··· DATA BLOCK

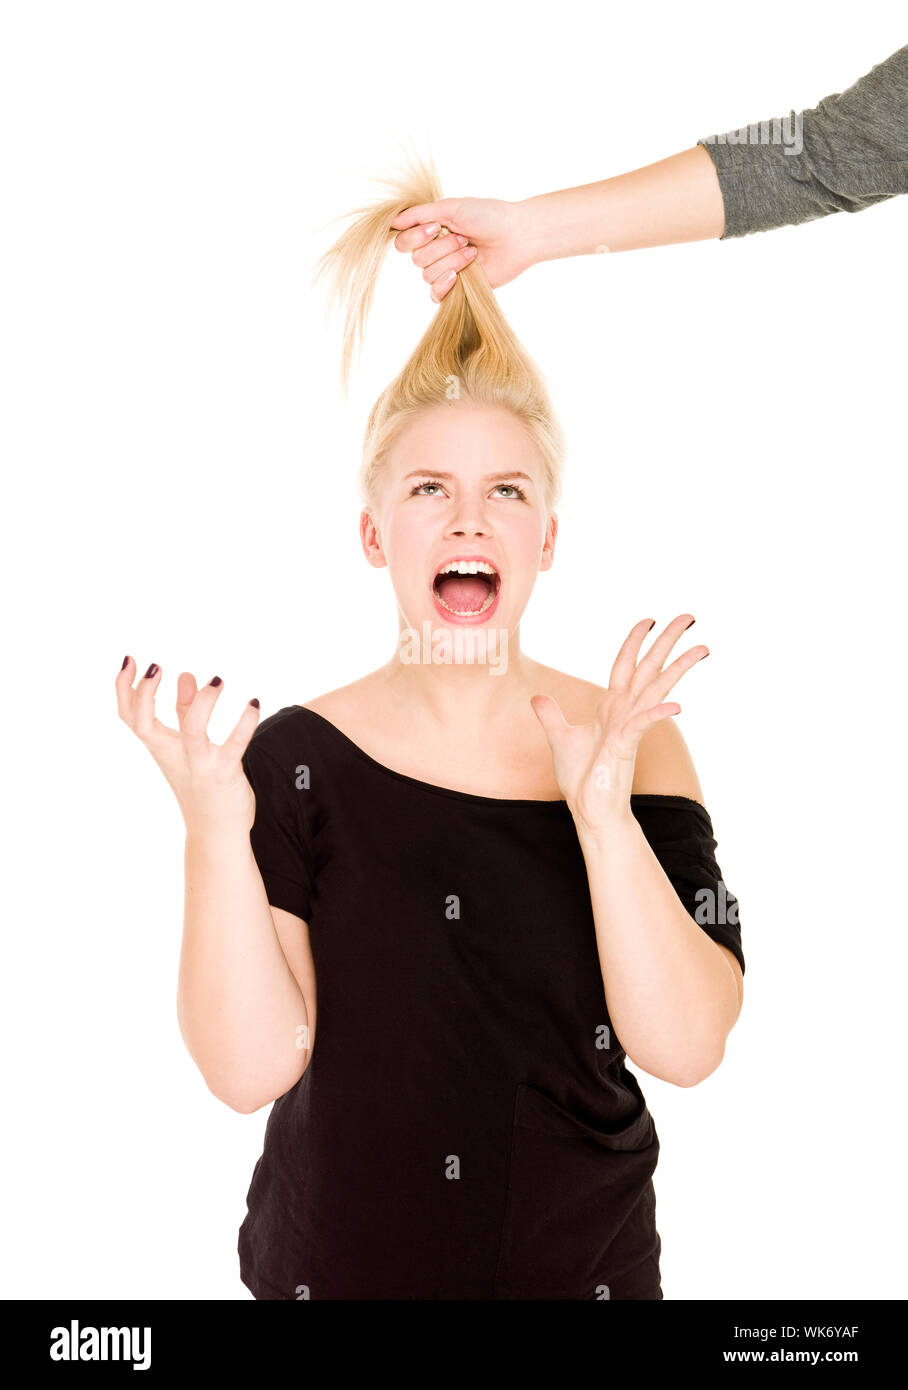 Blond woman in pain because someone pulling her hair Stock Photo
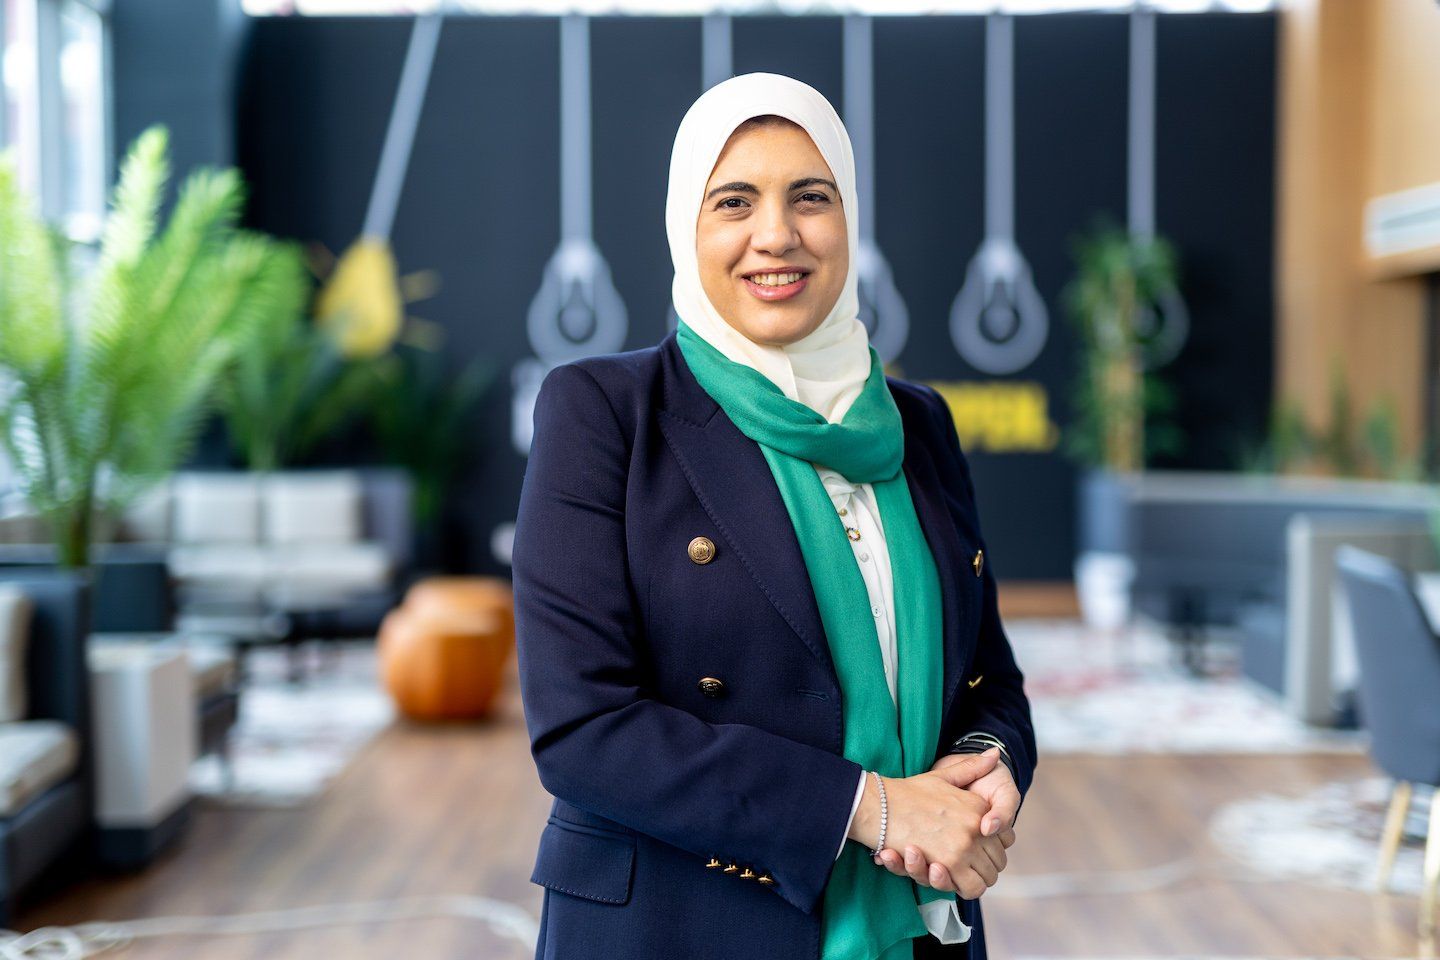 Khadija Elbedweihy from Egypt, founder of PraxiLabs
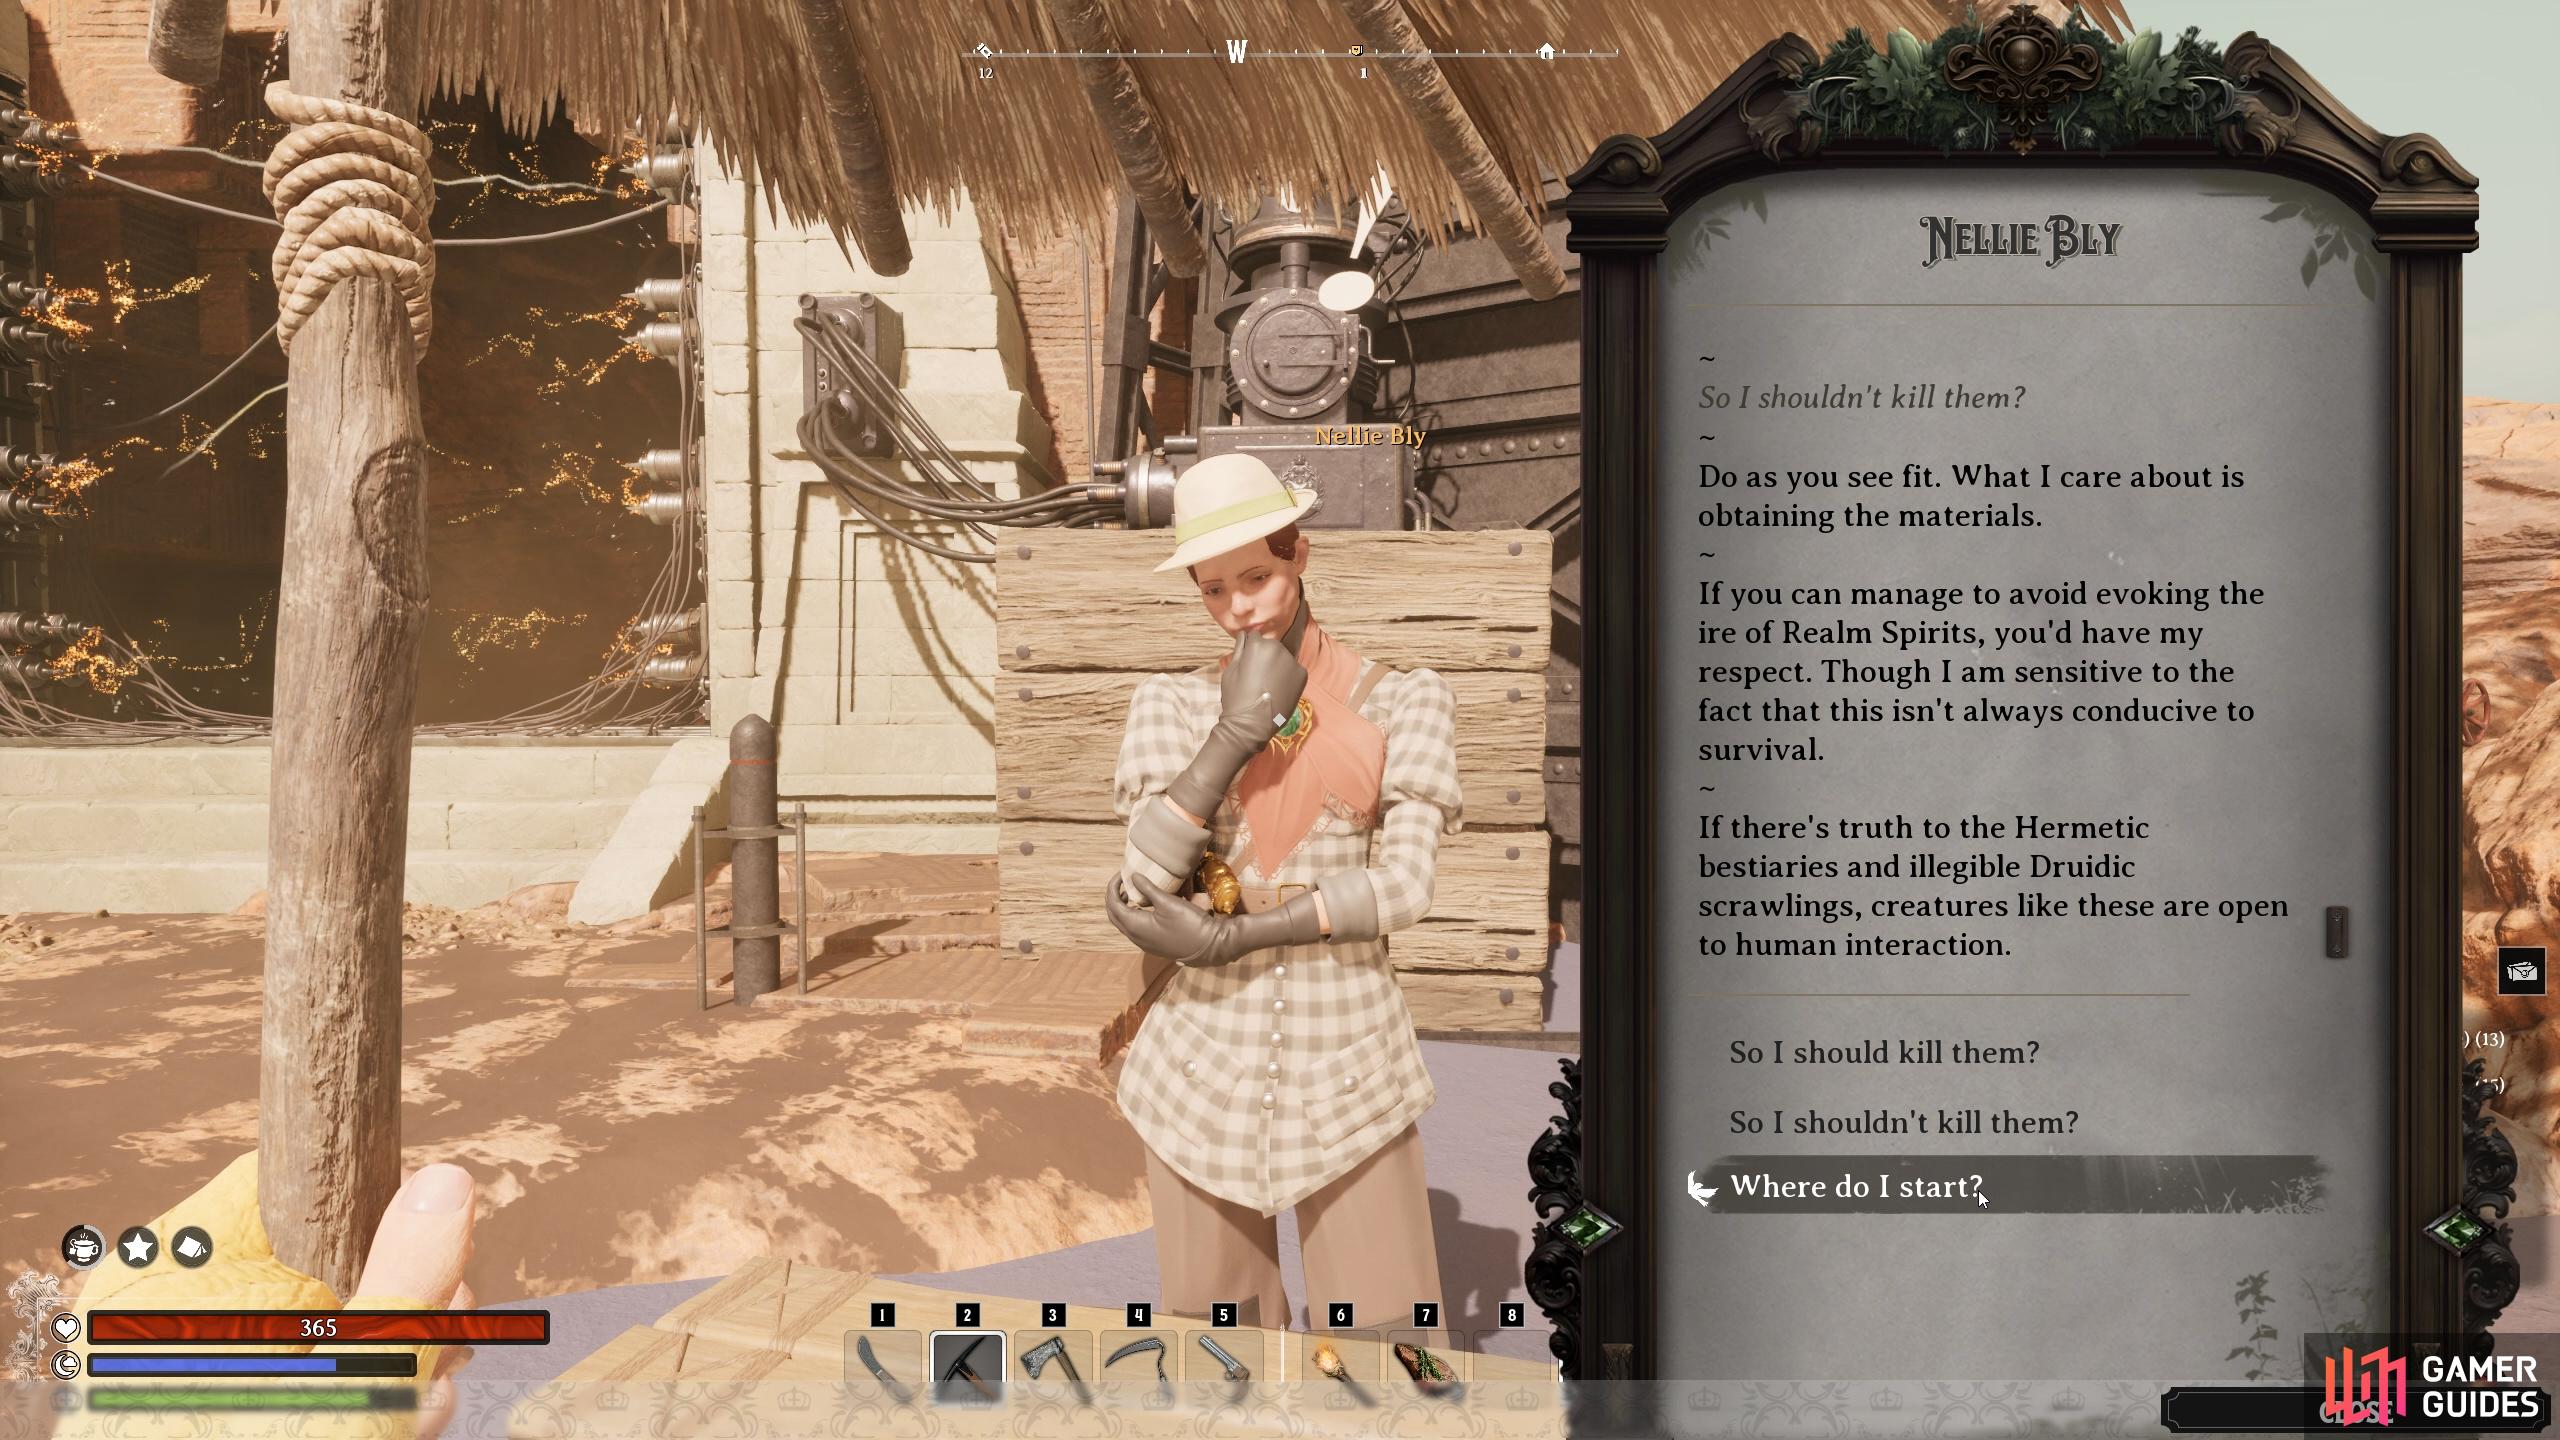 You can start The Sun Giant’s Prize by speaking to Nellie Bly in the Desert: Herbarium Realm.

······

= WORK INSTRUCTIONS =
Print the full listing exactly, dropping the pictures.

= RESPONSE =
 Blond woman in pain because someone pulling her hair Stock Photo
 Khadija Elbedweihy from Egypt, founder of PraxiLabs
 You can start The Sun Giant’s Prize by speaking to Nellie Bly in the Desert: Herbarium Realm.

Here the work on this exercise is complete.